The margin of victory was razor-thin, just 112,000 votes, most of them likely supplied illegally by Mayor Richard Daley in Chicago which swung Illinois to Kennedy.
I was seven years old at the time but have the distinct memory of church bells ringing in my native Tipperary town and a sense of excitement among neighbors that something extraordinary had happened.
I have a complete memory of Mrs Ryan, a neighbor, on her way to the creamery with a little silver can, stopping over at the house to discuss the magnificent news and staying on so late that the creamery had shut by the time she got up to leave.
It wasn't long before a picture of John F.Kennedy was hoisted onto our mantelpiece in our best room beside that of Pope John the XXIII. There they both would stay as long as my parents were alive.
It was the same all over Ireland, a profound moment of pride for a country just coming out of a long dark night of economic gloom and mass emigration.
My father could hardly wait for the Irish Press newspaper the next morning with its huge banner headline that Kennedy had been elected. He even bought the Irish Times, the Protestant paper, to see what they were saying.
That Sunday a priest called Father Noonan told our little congregation that some good at last had come out of emigration, that the descendant of a poor Catholic from a town in Wexford not too far distant, fleeing the Famine had become the most powerful man in the world.
Suddenly our little backwater didn't seem so dull and boring anymore. I didn't know it at the time, but at the time a grandson of Tipperary, Pat Brown was governor of California and his son Jerry is now elected once again as Chief Executive.
So Erin's exiles had made their mark across the water in the most powerful land of all. Fifty years ago today it all seemed powerful and promising.
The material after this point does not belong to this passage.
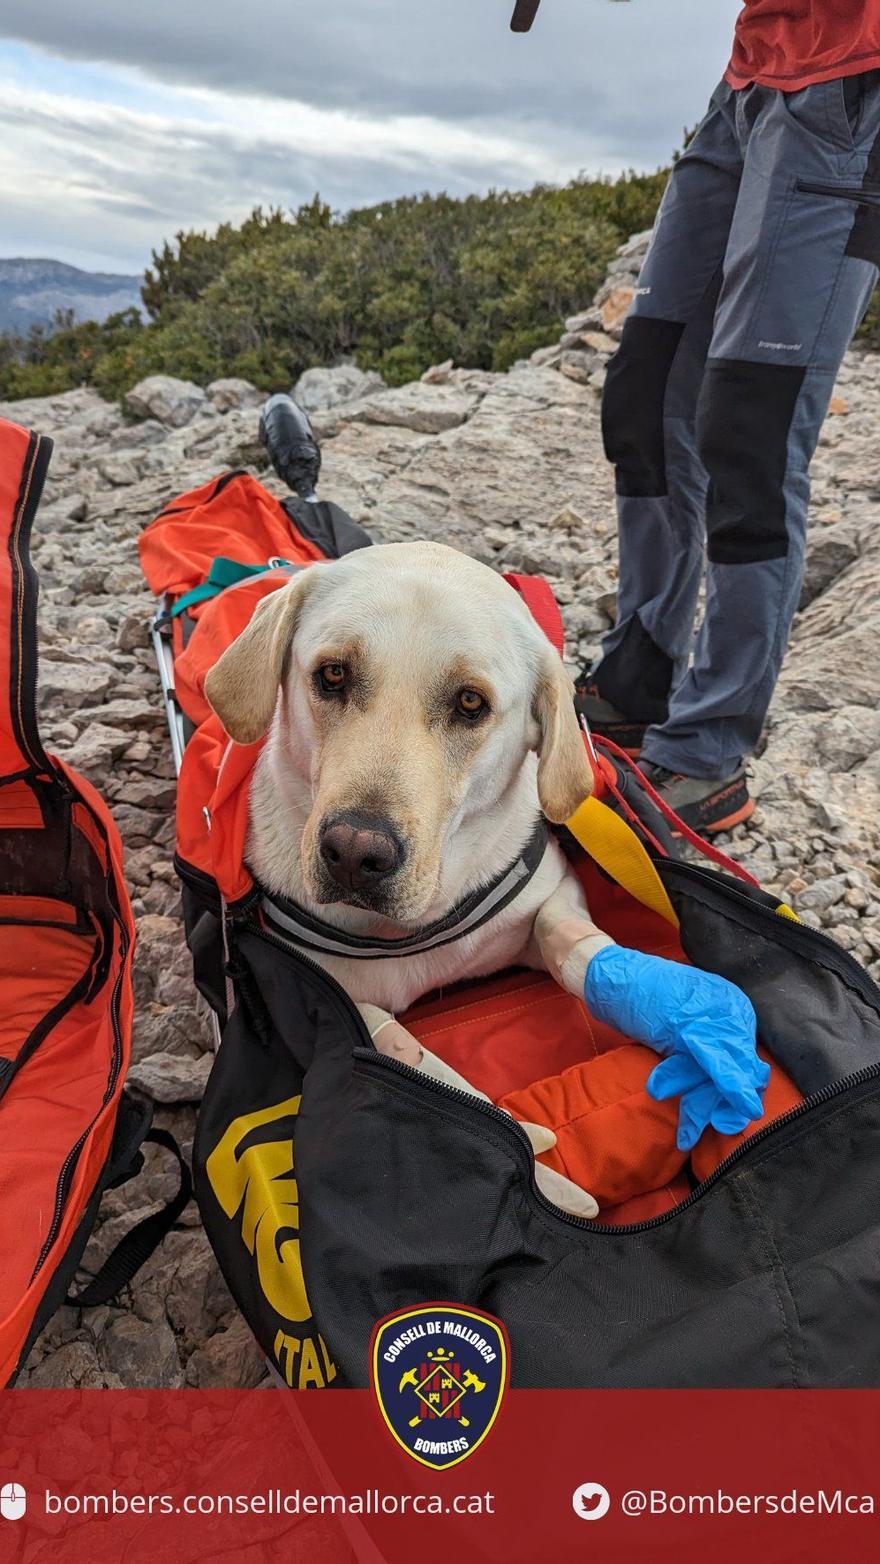 Feuerwehr auf Mallorca rettet auf einer Wanderung verletzten Labrador

The awful events of Dallas just three years later alas, would bring it all back to reality again.
But in those three years Ireland took a massive leap forward and would never be the same again. It implanted firmly for me this notion of a great land to the west where Irish thrived.
Most of all John F.Kennedy's election made us proud, as proud as poor neighbors could be of a neighbor's offspring.
Ireland never seemed so poor or so insular again.